If anything is sure to entrench ideas that the West is best — and that our materialistic civilisation represents the pinnacle of progress — it is a TV show that portrays people who live in rainforests as mean, sex-mad and savage.
That is exactly what happened when the Travel Channel in the United States, and later BBC Knowledge in the United Kingdom, screened Mark & Olly: Living with the Machigenga.
The programme claimed to show what happened when two adventurous Brits (Mark Anstice and Oliver Steeds) spent several months living with the Matsigenka Indians in the Peruvian Amazon.
But its makers did not count on people like Glenn H. Shepard and Ron Snell being among its viewers.
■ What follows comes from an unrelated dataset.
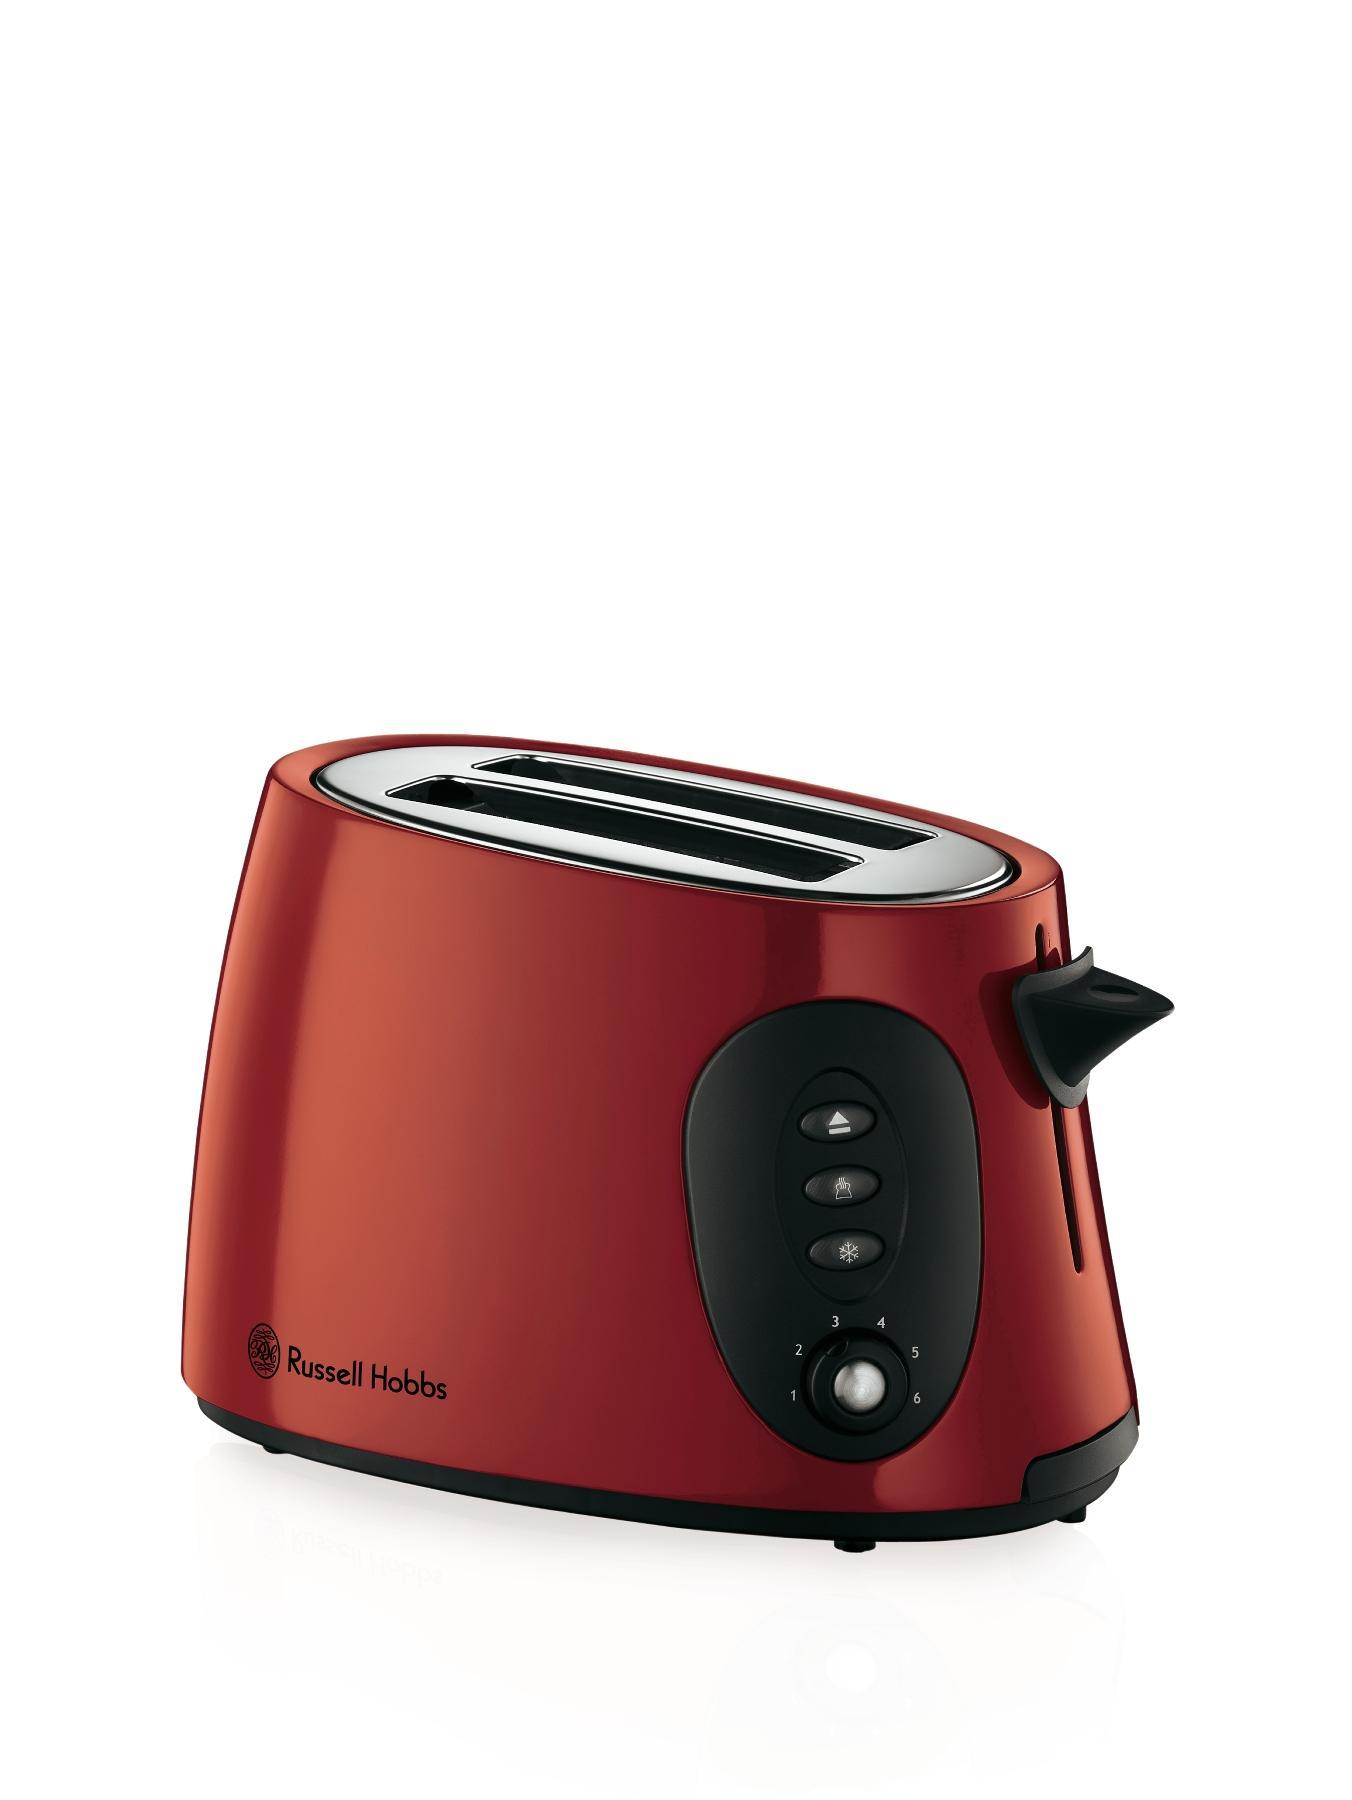 18580 Stylis 2-Slice Toaster

Snell grew up among the Matsigenka, and Shepard — an anthropologist — has visited them on many occasions over many years. Both speak the Matsigenka language fluently.
Shepard — in both Anthropology News [PDF] and his blog — says the film is “false and insulting” in the way in misrepresents the Matsigenka. In particular, many of the things they say are mistranslated.
According to Shepard, distorted translations suggest that a woman secluded in a hut with an ill newborn is considering killing the child, when in fact she is just obeying the traditional post-birth seclusion rite.
Other translations also paint the Matsigenka in a poor light. When one member of the community says: “You come from far away where lots of gringos live”, the translation is: “We use arrows to kill outsiders who threaten us.”
In another incident, a Matsigenka man surprises Mark and Olly in his garden and says he thought they were a herd of boar. The translation? “If you were colonists, he would have tied you up and cut off all your skin.”
The village chief, who Anstice calls a “deranged lunatic” is subjected to an embarassing interview about his sex life and when he says “I will have sex another day”, the translation is “I have sex every day”.
Sheperd and Snell — who visited the community after the film was broadcast and describes his findings here [PDF] — demonstrate that whole scenes of the film had been entirely fabricated and that the Matsigenka were paid to do things that were contrary to their culture.
Shepard adds that when the film’s production company scouted out locations to film they unleashed a cold epidemic that claimed four lives and threatened many others.
This was despite Shepard warning them not to travel to more remote upstream communities who have had less contact with Europeans (and our viruses). The problem with the downstream communities was that they were “too Westernised”.
This week, partly in response to the Matsigenka experience, Survival International released a code of practice for filmmakers who work with tribal peoples.
It is sad to think that such a code is even needed, but without it people like the Matsigenka risk being ridiculed and exploited so that viewers in the West can be entertained.